Stable Diffusion, NovelAI, Machine Learning Art - AI art generation discussion and image dump

FLUX.2: Frontier Visual Intelligence

The dev model is 64GB so you'll have to hope for some quants to come out later down the line.

EDIT: There are GGUF quants for it already out lol. 5-bit for 24GB havers and 6-bit for 32GB havers.

Z Image Turbo was released yesterday. It's a new Chinese model trained with 6 billion parameters (for comparison, Flux 2 has 32 billion). Uses a small Qwen LLM for text encoding, allowing natural language prompts with surprisingly good understanding. Text, prompt adherence, aesthetics, hands, everything is really, really good for a model that will run easily on 16GB VRAM. It doesn't know what a kiwi bird is though.
View attachment 8221756
HuggingFace model page
ComfyUI workflow

A base (i.e. non-turbo) and edit model are still to be released.

I'll take six billion over 32-64 billion any day. I tested it on my 3060. It works nicely on my 8gb card. Average generation time is around less than a minute.

Though, I feel it'll become the same song and dance with the whole "Look how REALISTIC™ it can make this 1girl shot! It beats (model everyone previously glazed); no competition!" shtick and then it's run-on-the-mill prompts or a vaguely attractive woman staring at you. I love messing with realism myself but there's experimenting and testing with what it's capable of and then there's glazing because it can do basic prompts but slightly more visually appealing.
 
flux2-dev-z.png
1764264578024.png
1764264650962.png
Chairman Xi did it again 🔥
 
What would be the most interesting models to play with - focus mostly realistic photos (I'm not talking about porn) and maybe some supernatural elements - I thought I might make illustrations for some RPG stuff, character portraits, things like that. But also just for fun to push the boundaries of what these models are capable of now. Would be fun to do some hyper-realistic character portraits that were short animations as well.
Both Flux 2 and the new Z Image model would be suitable for this, but Flux 2 is very heavy on system resources, I wouldn't bother with it unless you have at least 24GB VRAM, and even then you'll need to use a quantized version. In the realm of slightly older models, Qwen Image and Flux Krea, a finetune of Flux 1 Dev specifically designed to minimize the "AI look", should also work well. WAN 2.2 seems to be the video model everyone's using if you want to dabble with that. I haven't used it much myself.

As far as closed-source services go, Nano Banana Pro seems to be the ruler of the roost right now.
Also am I write in surmising that LoRAs and fine-tunes are less of a thing now? All the big discussion now seems to be around huge models like Flux 2 and such and I don't think there's the same community modding/LoRA/fine-tune sort of scene around those due to size? But maybe I've just not been looking.
Every model that's been out for a while has some amount of finetunes and LoRAs available. The bigger models don't have quite as many as SDXL and its derivatives, but there's still plenty around. Z Image Turbo hasn't even been out a week and there are already dozens of LoRAs for it on Civitai.

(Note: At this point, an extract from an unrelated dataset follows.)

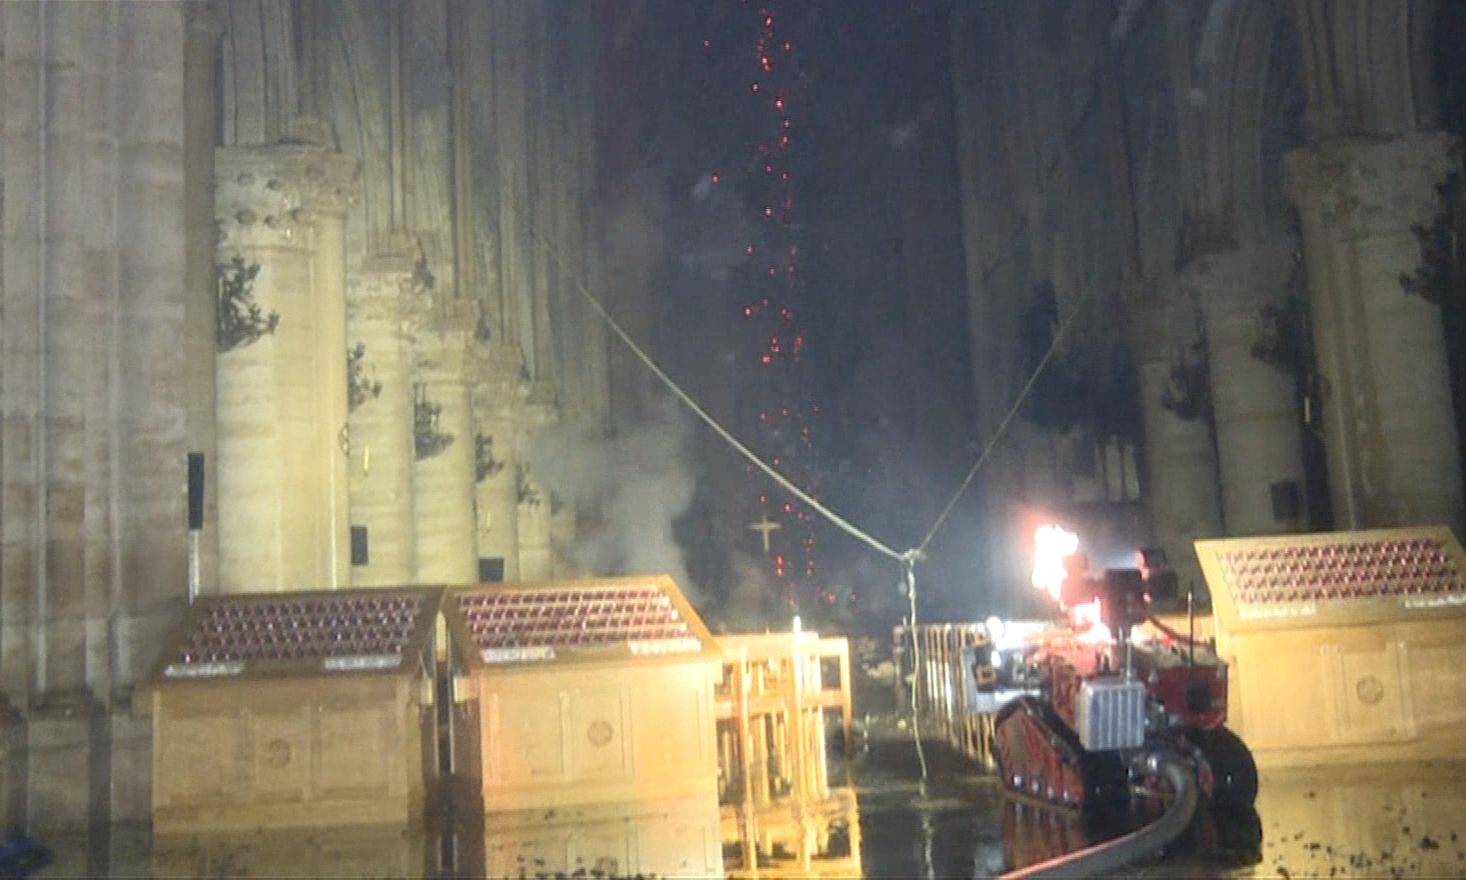 Lính cứu hỏa vật lộn dập lửa bên trong Nhà thờ Đức bà Paris
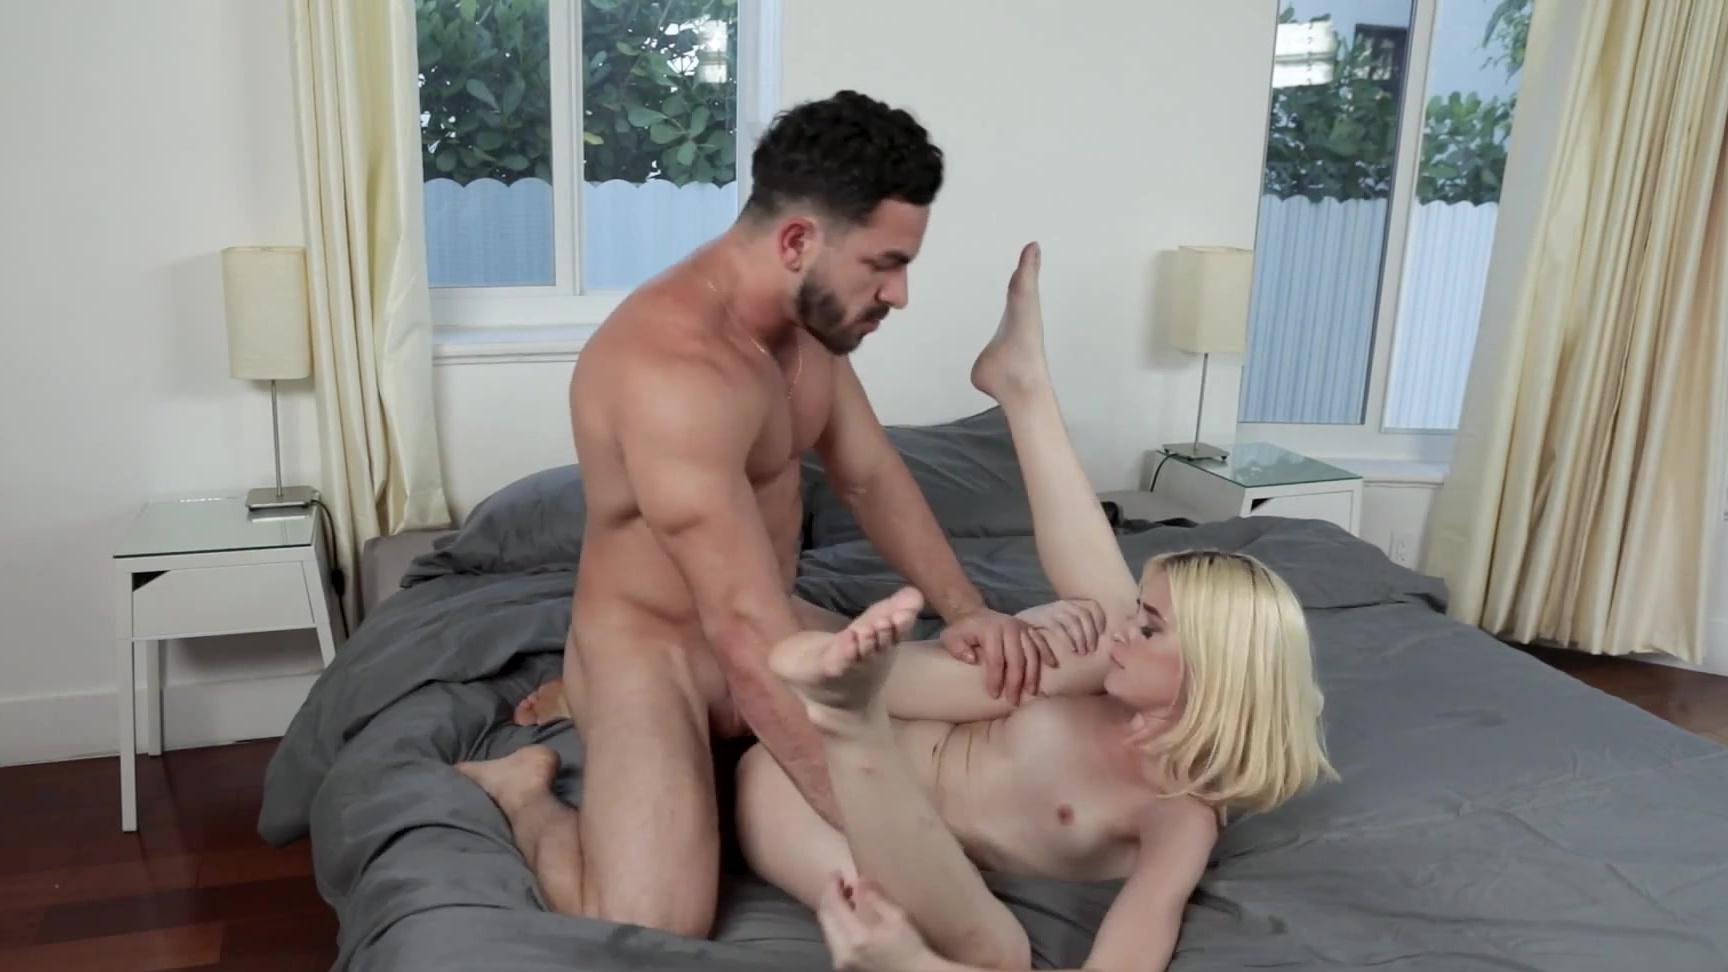 Adele Sunshine Porn Escort blonde princess jessie saint cums on her boyfriend's cock

Though it is true that with more capable base models, there is less of a need for LoRAs. My unscientific, vibes-based opinion is that you see a lot more style LoRAs now, whereas before you'd have LoRAs for poses or things like five-fingered hands, and this reflects how models have progressed from fucking up human anatomy in a wide variety of artistic styles to mostly getting hands and proportions correct in a few basic styles.
Though, I fell it'll become the same shtick with the whole "Look how REALISTIC™ it can make this 1girl shot! It beats (model everyone previously glazed); no competition!"shtick and then it's run-on-the-mill prompts or a vaguely attractive woman staring at you. I love messing with realism myself but there's experimenting and testing with what it's capable of and then there's glazing because it can do basic prompts but slightly more visually appealing.
The devs have said themselves that Z Image Turbo is essentially an aesthetic finetune of their base model. And right now it's getting a lot of credit just because it mostly doesn't give people plastic skin, a problem that has continued to dog the base Flux models into the era of Flux 2. I've found it to be pretty good with fairly complex prompts featuring text, multiple distinct characters, different poses, five-fingered hands, coherent backgrounds, etc... and it does so a lot faster than other models with only slightly better prompt understanding.
 
Last edited:
Both Flux 2 and the new Z Image model would be suitable for this, but Flux 2 is very heavy on system resources, I wouldn't bother with it unless you have at least a 24GB VRAM, and even then you'll need to use a quantized version. In the realm of slightly older models, Qwen Image and Flux Krea, a finetune of Flux 1 Dev specifically designed to minimize the "AI look", should also work well. WAN 2.2 seems to be the video model everyone's using if you want to dabble with that. I haven't used it much myself.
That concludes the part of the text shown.